Distributed stream method for tray optimization

Determining the optimum number of trays in a distillation column has been an important process optimization problem for over 50 years, which over the past decade has been addressed successfully as a mixed‐integer nonlinear‐programming (MINLP) problem. But tools for solving MINLPs are not widespread, especially in connection with detailed simulation models. In a differentiable distribution function (DDF), all streams around a column, except top and bottom products, are directed to all of the column trays and the distributed flow rate of entry or exit streams is directed to a specific tray based on the value of its DDF at that tray. It allows the placement of feeds, sidestreams, and number of trays in the column to be continuous variables in the DDF, and in the optimization problem it eliminates the need for integer variables.
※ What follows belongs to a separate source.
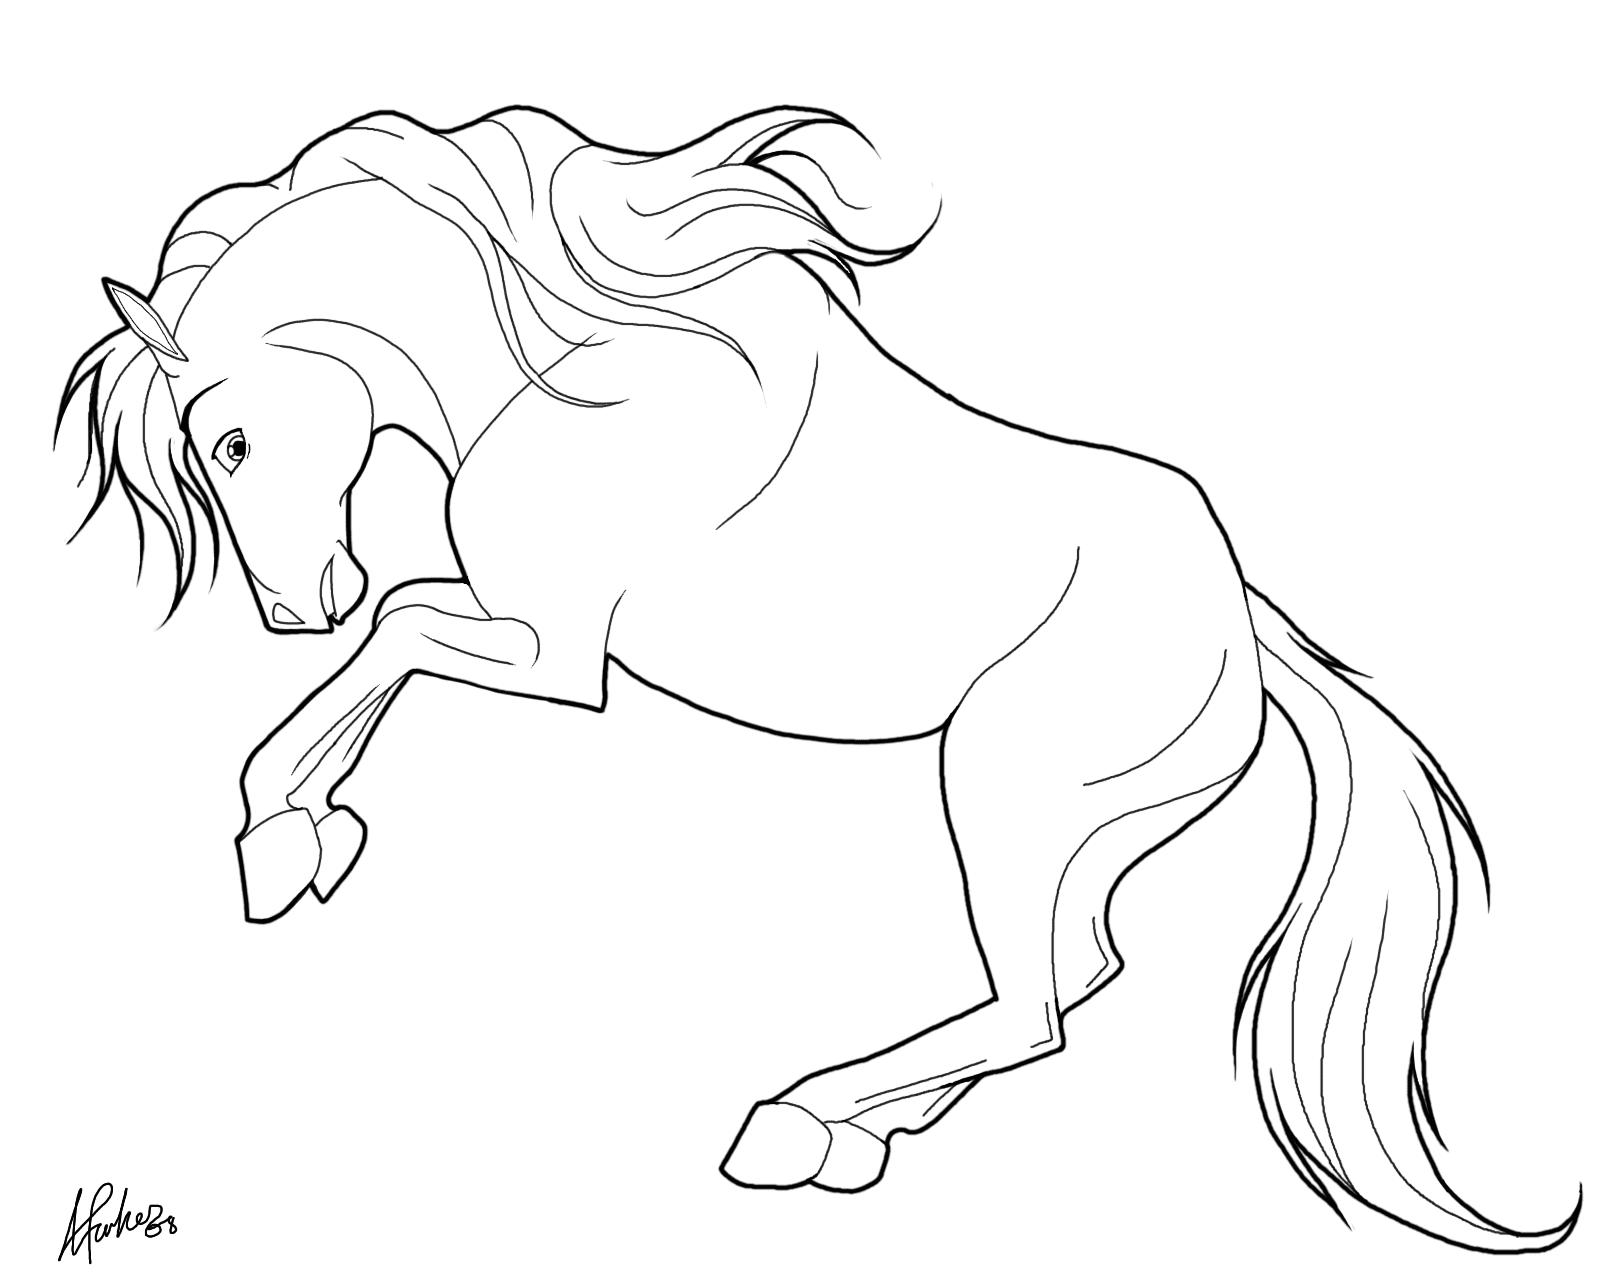 Tranh tô màu con ngựa đang nằm

Instead, the tray optimization problem is formulated as an NLP using the original MESH model. It is critical to deal with trays that have no liquid or vapor flows. To describe this phenomenon properly in the optimization, complementary constraints are formulated and added to the NLP, by taking advantage of a smoothing algorithm developed by Gopal and Biegler for phase equilibrium. Also, since pressure in each tray affects distillation calculations substantially, the pressure drops across each tray depend on the optimal number of trays and a related smoothing function formulation removes the pressure drop on dry trays. Pressure in the condenser or reboiler is then adjusted accordingly. The results of the methods applied to three distillation problems show significant cost reductions in distillation design.